Closed phikoehn closed 7 years ago
That would be much easier in Marian. The forward training step is basically rescoring, just reporting total cost instead of per sentence cost. It would not require much work to do this: I think the validatior class (CrossEntropyValidator to be more precise) is a good starting point. Essentially put that into a separate binary and report back cost per sentence instead of per batch.
@tomekd , @snukky : any takers?
I have mostly the rescorer done in my mosesplugin branch in amuNMT. I need only to merge with current master and add main() function.
Roman could do it in Marian-train.
@phikoehn What format do you have in mind? N-best list? Simple pair of source and target?
My current need was to do the r2l rescoring - but it makes sense to keep complexity out of the toolkit and only have a general facility of providing source and target and requesting a score.
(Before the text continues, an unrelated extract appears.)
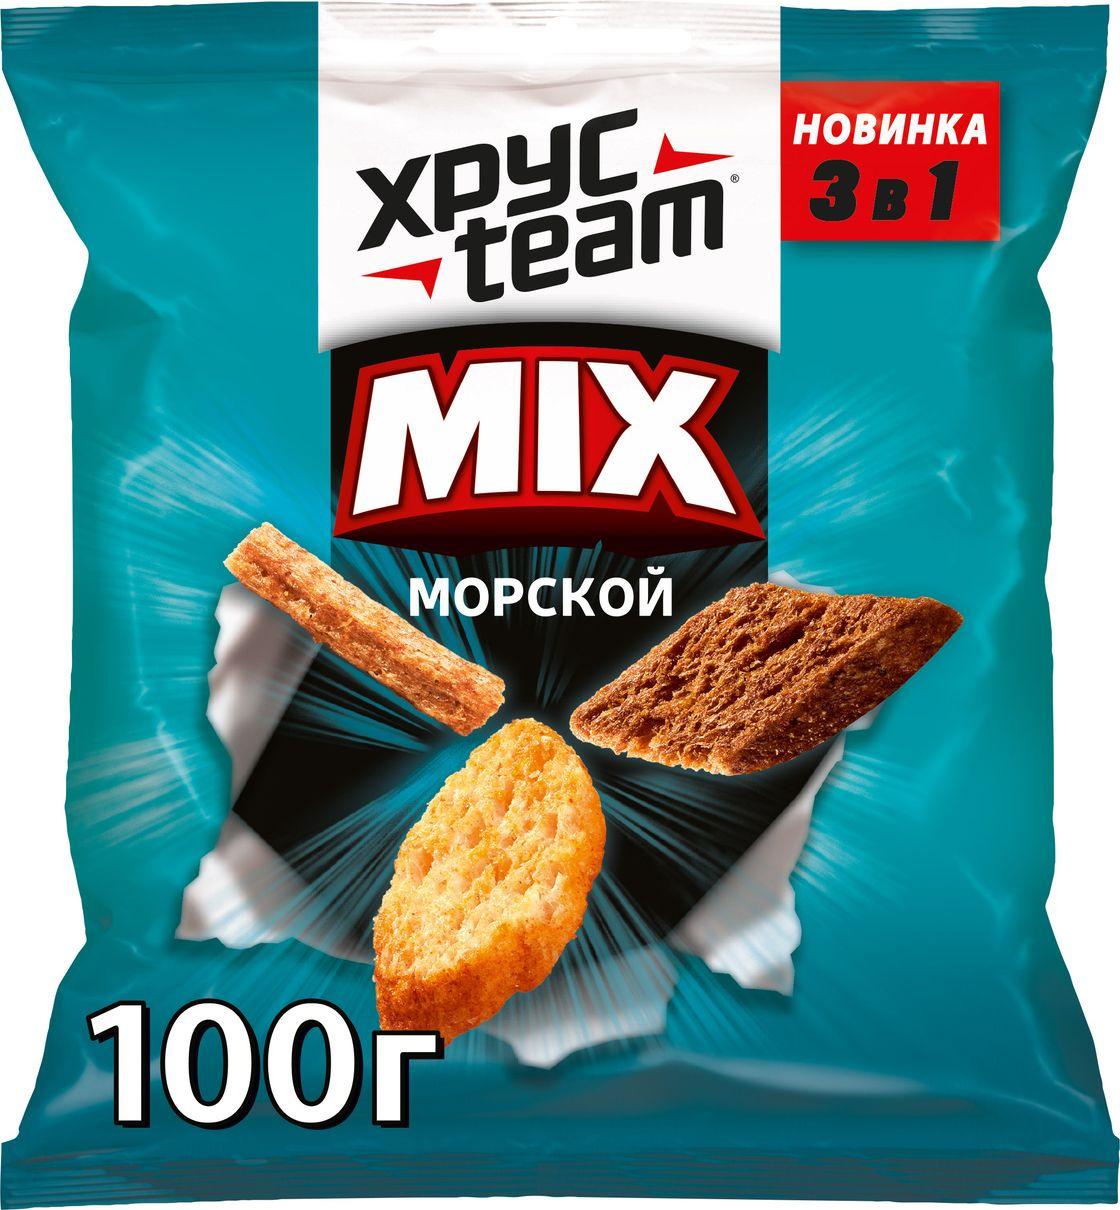 Сухарики Хрусteam Mix Морской, 100 г хрусteam твистеr сухарики бекон 45 г

The rescorer is available in the current master of marian-train. It takes source and target corpora as input and prints sentence scores.
Thanks @snukky, In the end it should be able to do moses-style n-best lists too. s2s and amun both generate these types of n-best lists.
@phikoehn Can we close this?
Yes. this works now for me. Even get some gains (+.4 de-en, +.8 en-de)
Great, closing this then. The n-best list can be another issue.
Does Amun support re-scoring?
What would be needed is the ability to provide an output along with the input to the decoder and have it report the model score for the given translations.